Cristina Jorge reminded people of the importance of donating in life in statements to Lusa about National Organ Donation and Transplant Day, which was celebrated on July 20th. She recalled how last year the country had an altruistic donation situation, where people donated their kidneys to strangers.

For donation in life to be possible, a specialist explains, the person should communicate their will to go through with it to one of seven units who perform the transplants in Portugal.

“Only those who are healthy can be kidney donors,” Jorge stated. “It needs to be assured that the donor doesn’t have any disease that prevents the donation.” She underlined the importance of “minimising risks of this donation for the person themselves,” so that renal problems don’t develop later on.

When asked about the importance of the donor certifying the intervention’s safety, she reaffirmed that “there are international standards about this subject and only those apt can be kidney donors.”

According to the SPT president, around 1800 people in Portugal are waiting for a kidney transplant and the average waiting time on the list is about five years.

“Many patients are on dialysis during this time,” she stated.

The specialist points towards the national and international crossed renal donation program, where transplants are crossed when donor/receiver pairs aren’t compatible.

“Normally there’s a donor/receiver pair, where the donor’s alive, and if they’re incompatible with each other, that pair can enter a program in which various pairs in the same circumstance enter the group, which increases the compatibility among each other. The donor, instead of giving their kidney to that receiver, gives it to another receiver in the group, and the original receiver gets theirs from another of the group’s donors,” she explained.

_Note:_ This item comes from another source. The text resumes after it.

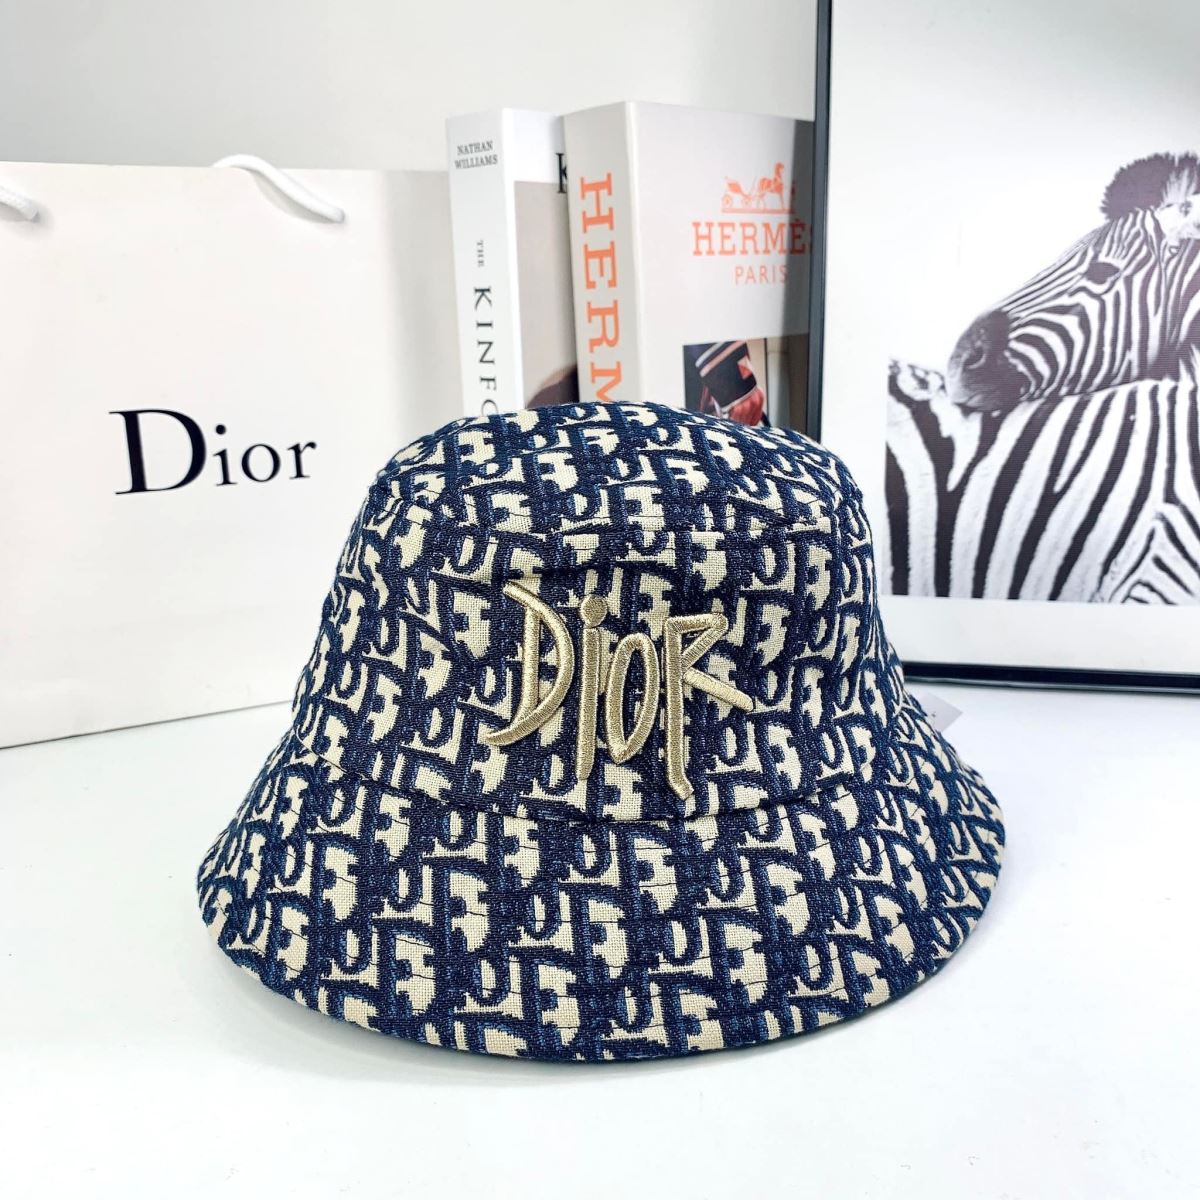 Thanh Hằng Jolie Nguyễn thời thượng với chiếc mũ bucket sang chảnh của Dior   Tạp chí Đẹp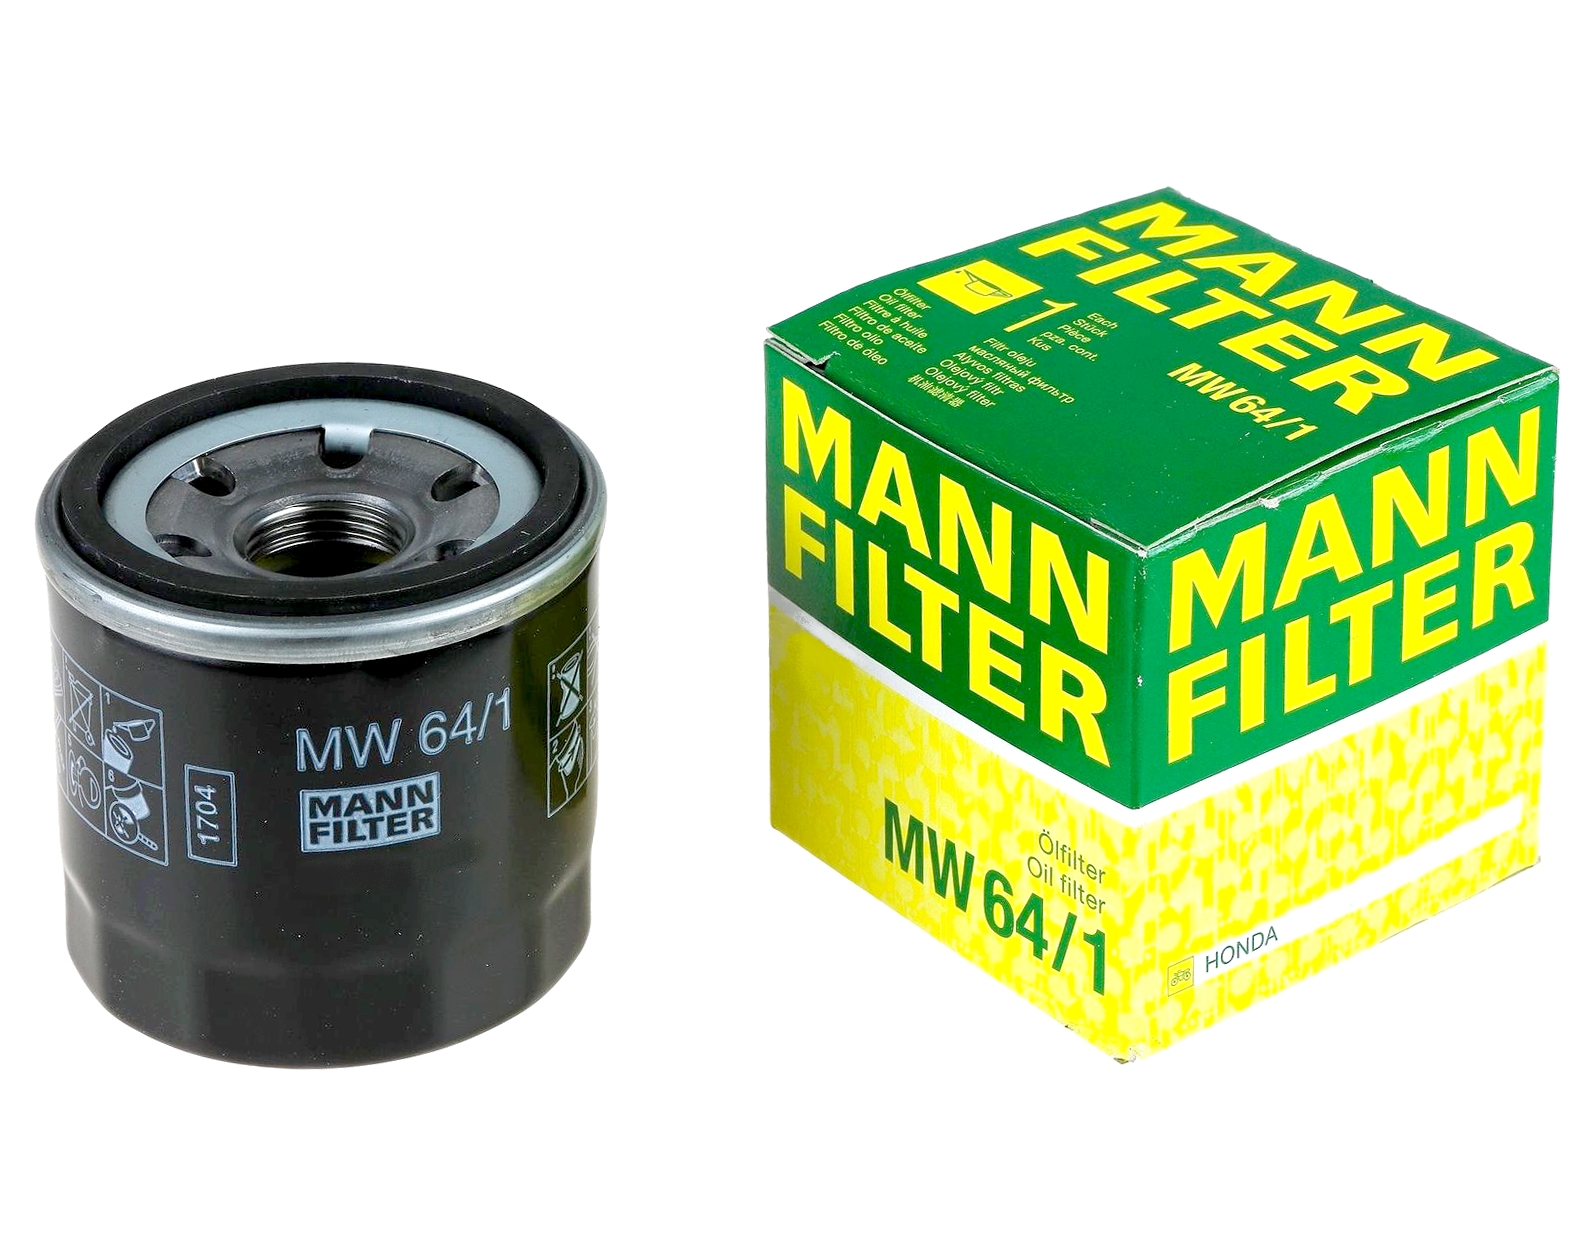 Масло фильтр отзывы. Фильтр масляный Mann mw64. Масляный фильтр Mannol mw64. Mann-Filter MW 64/1 фильтр масляный для мотоциклов. Фильтр Манн 64/1 на Хонда.

The specialist said the kidney transplant “allows an increase to the quality of life and also improves life expectancy in patients who’ve received it.”

Relative to donating the organ alive, Cristina Jorge pointed out that, besides the kidney, it’s also possible to transplant the liver and parts of the pancreas, although the latter can’t be done in Portugal.

All over the world, the most transplanted organs in life are kidneys.

In 2022, the renal transplant represented 53.2% of all organ transplants, having risen by 25 transplants (5.5%) with “a significant expression by the live donor transplant.”


According to the Portuguese Institute of Blood and Transplants (IPST), the crossed renal donation program allowed five live donor transplants in 2 cycles last year, with a 1st cycle of 2 transplants and a 2nd of 3 transplants (made possible by an altruistic donor).

The last set of data shared by the IPST indicates that 814 organ transplants were made last year, 15 more than in 2021.

This year, the SPT dedicates National Organ Donation and Transplant Day to the role of globalisation and digitalisation in the donation and transplanting of organs in an initiative that will run at the Belém Cultural Centre in Lisbon, where organ trafficking, live donation and crossed donation will be debated.